__YOUR INSTRUCTIONS__: Transcribe exactly the lines below that begin at the line with "LESU 1/14 6x4" and stop after the line with "Speedometer logo design", leaving out every picture.

__AVAILABLE DATA__:
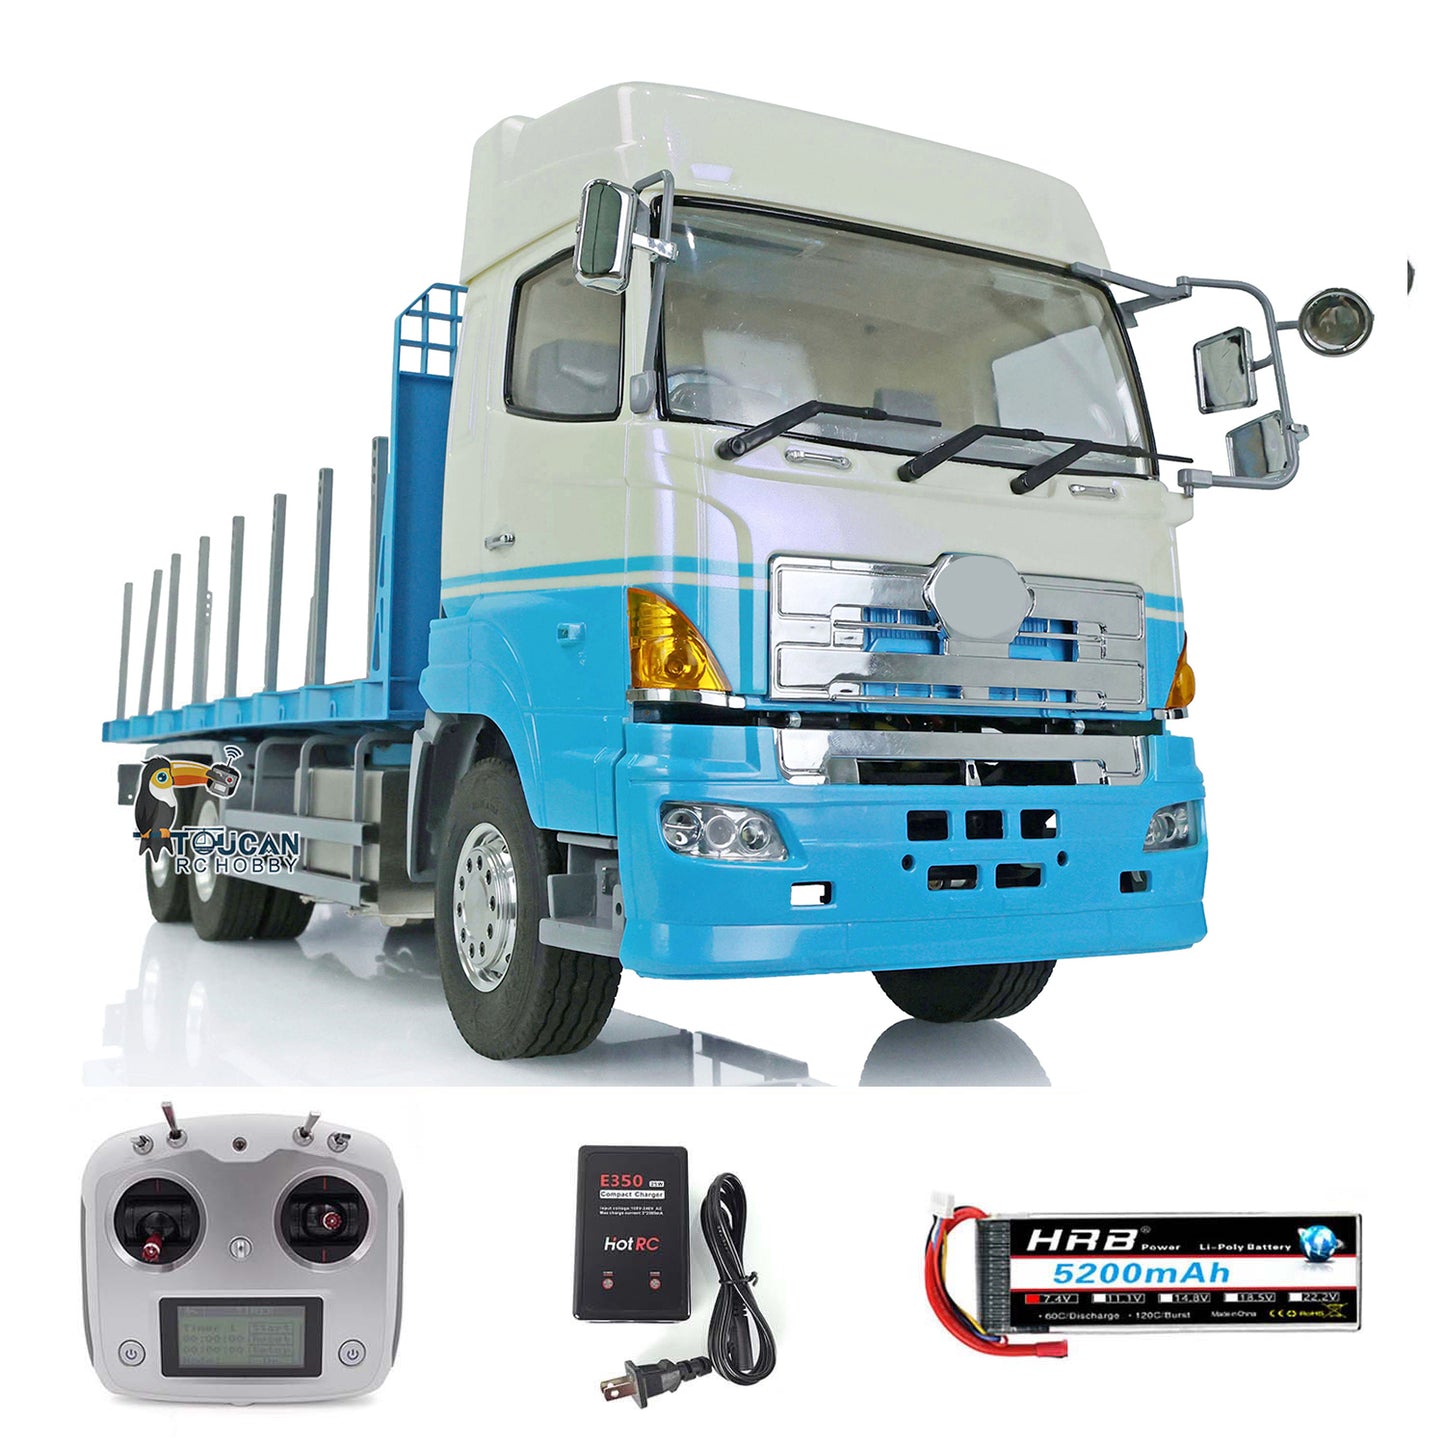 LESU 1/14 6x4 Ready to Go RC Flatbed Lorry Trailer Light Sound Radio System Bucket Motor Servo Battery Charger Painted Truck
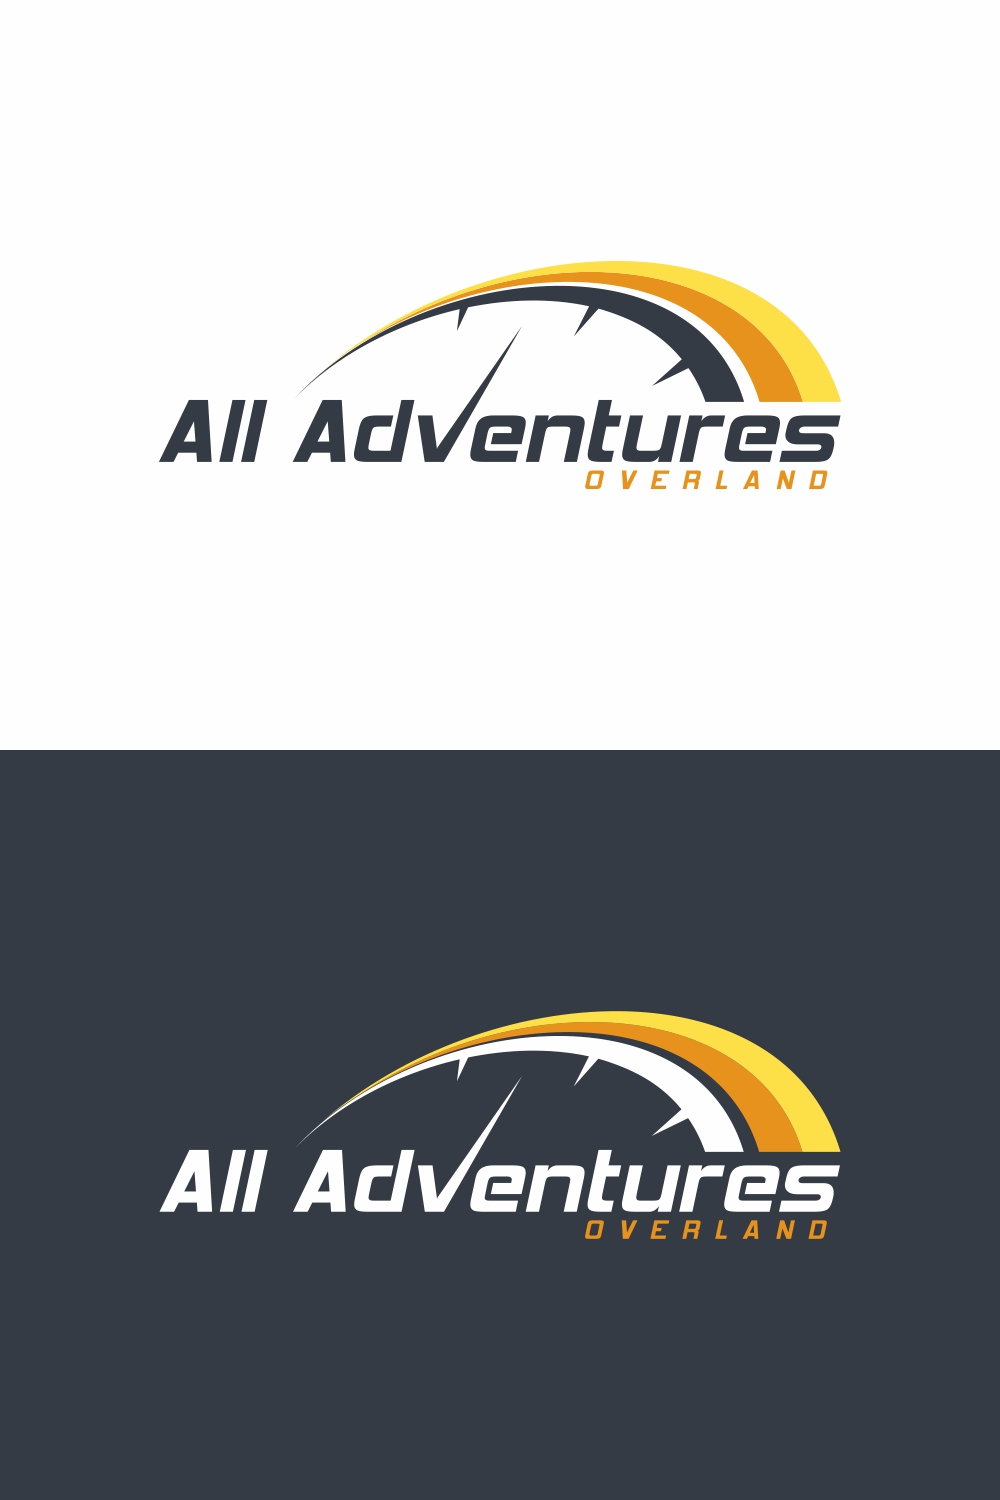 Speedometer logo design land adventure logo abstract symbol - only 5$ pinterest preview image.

---

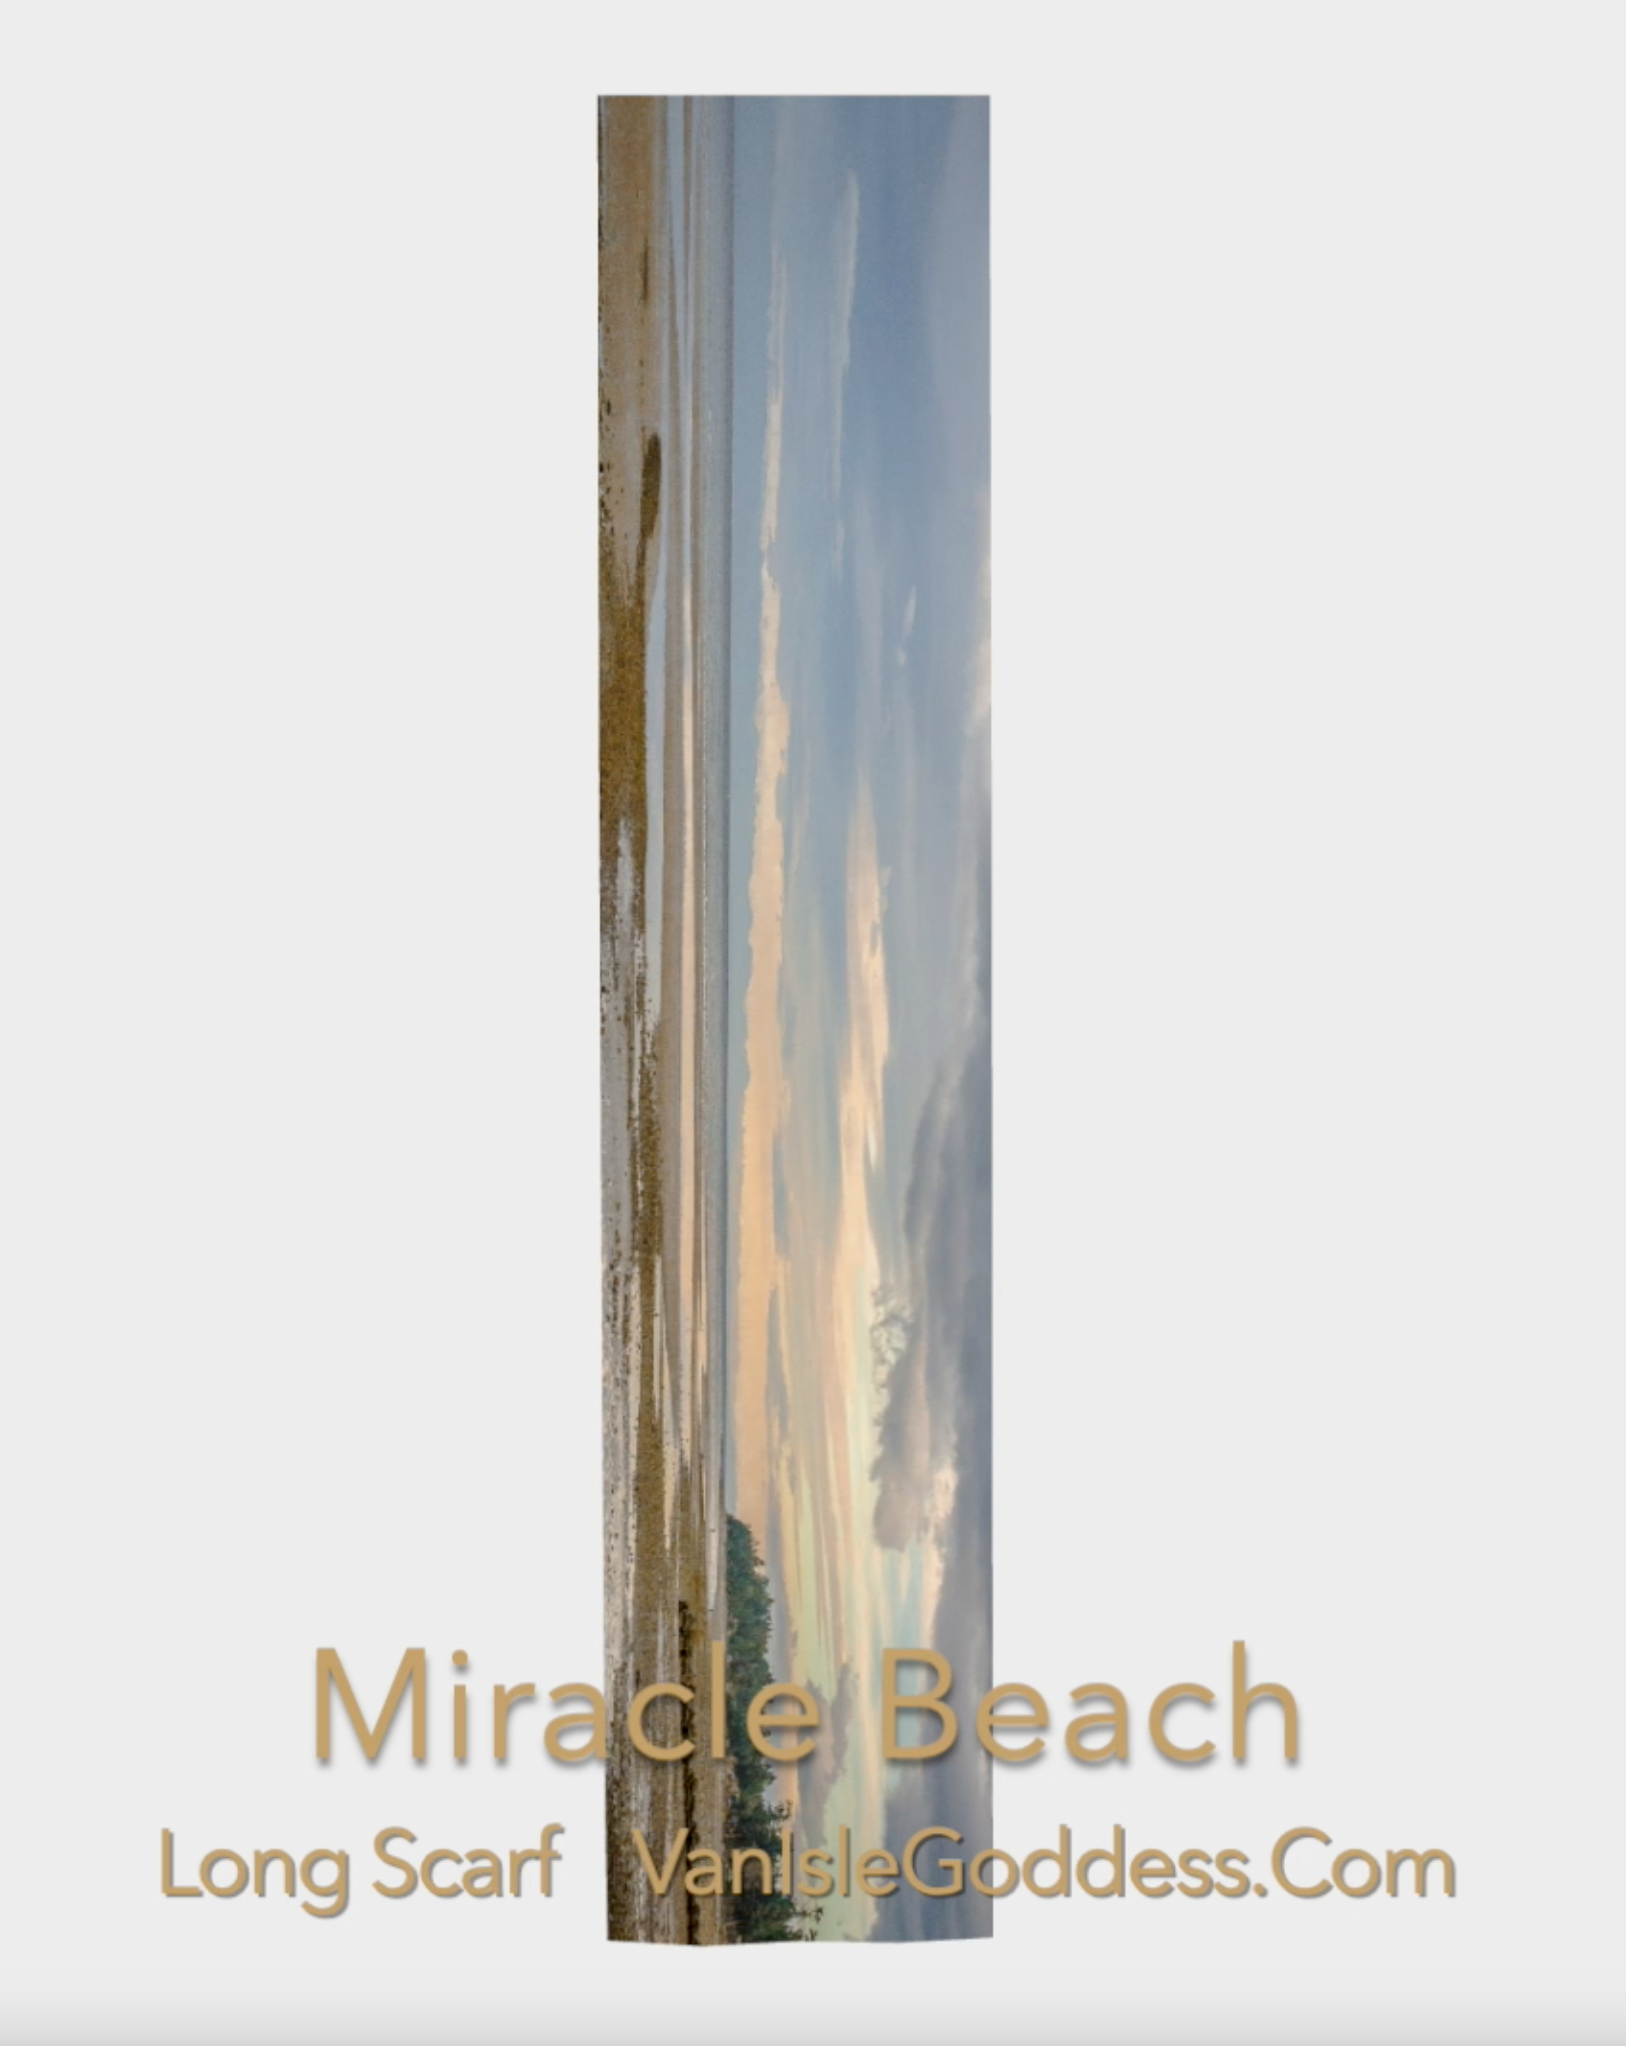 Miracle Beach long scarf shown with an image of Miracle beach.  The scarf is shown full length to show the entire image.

--

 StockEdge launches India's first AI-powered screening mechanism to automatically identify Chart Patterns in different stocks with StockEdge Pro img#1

__RESPONSE AREA__:
 LESU 1/14 6x4 Ready to Go RC Flatbed Lorry Trailer Light Sound Radio System Bucket Motor Servo Battery Charger Painted Truck
 Speedometer logo design land adventure logo abstract symbol - only 5$ pinterest preview image.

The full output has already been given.